Is it possible to store images in Elasticsearch clusters? If yes, then is there a resource about the work flow? I checked the following link: https://github.com/kzwang/elasticsearch-image
Since we have to handle large image files (over 500GB), we are planning to use HDFS.
Storing whole images in Elasticsearch will not be very beneficial, because if the image is scaled/cropped and then used as a query, it will give incorrect results. What you need depends on why you want to index these images.
In my case, I need to find if an image after some scaling or cropping, has a close match in my database. I am extracting local descriptors (SIFT/SURF) of images and using them to build an Elasticsearch index. This will reduce the image index size as instead of storing the whole image, only a few features are stored. I will be storing all these images on S3 for now and Elasticsearch will store ids for these images along with the features extracted from them.

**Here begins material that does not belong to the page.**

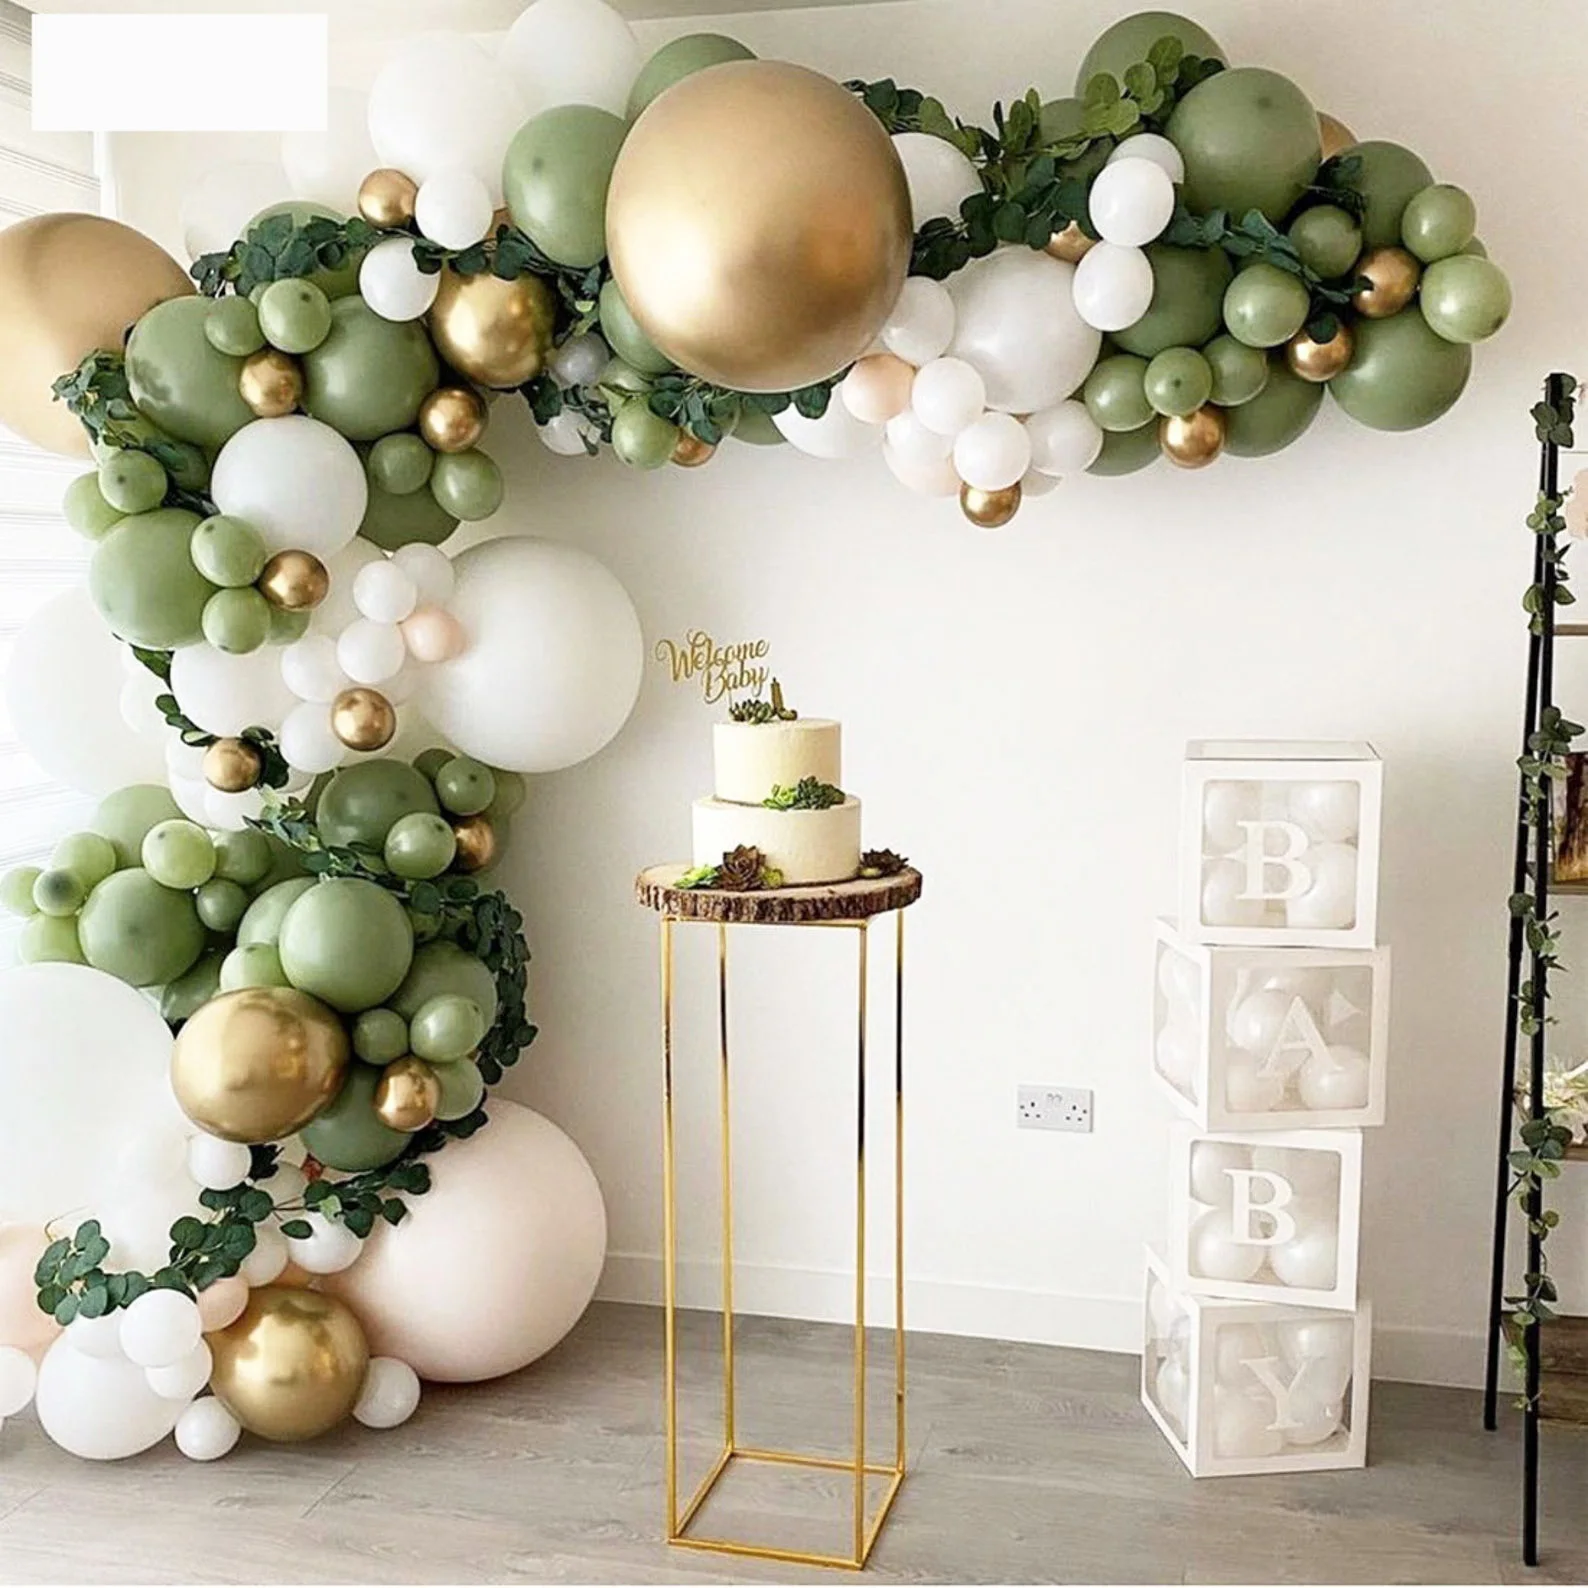 

152 шт. зеленые воздушные шары, гирлянда, зеленые золотые шары в стиле ретро, украшение для свадьбы, джунгли, сафари, дня рождения, вечеринки, ...
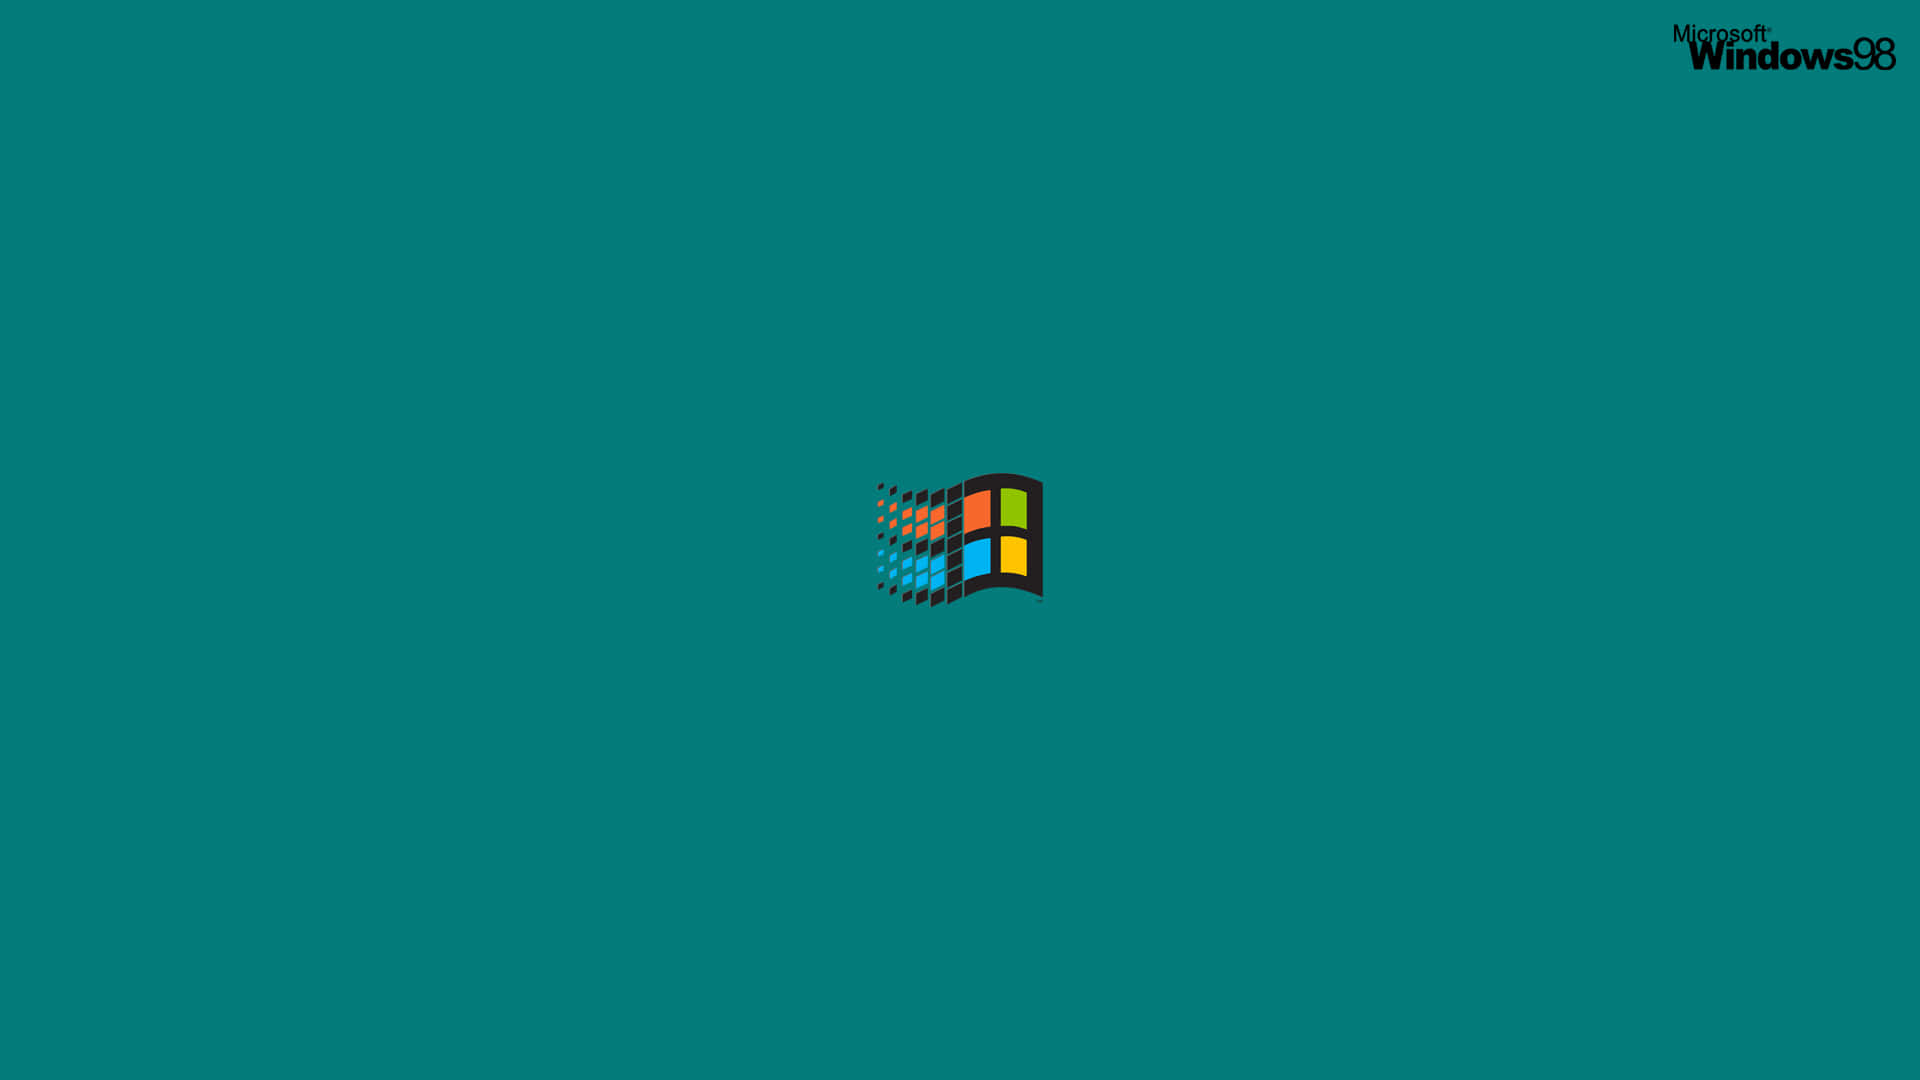 Logoer fra Windows 98 løber over skærmen. Wallpaper

Regarding elasticsearch-image: This plugin has not been updated in a while and the most recent responses to issues were from last year. This plugin integrates LIRE with Elasticsearch, where LIRE provides the functionality of a multiple image fingerprints extractor.
Possible solutions:
Integrate the library OpenCv (to compute feature vectors for an image) and Elasticsearch and build your own index using these image features instead of storing a whole image. For the product architecture, you can get some hints here.
Use an older version of Elasticsearch with a compatible version of elasticsearch-image.
Upgrade elasticsearch-image to work with the latest version of Elasticsearch.
You can also use SOLR along with LireSolr plugin to integrate with the LireSolr library.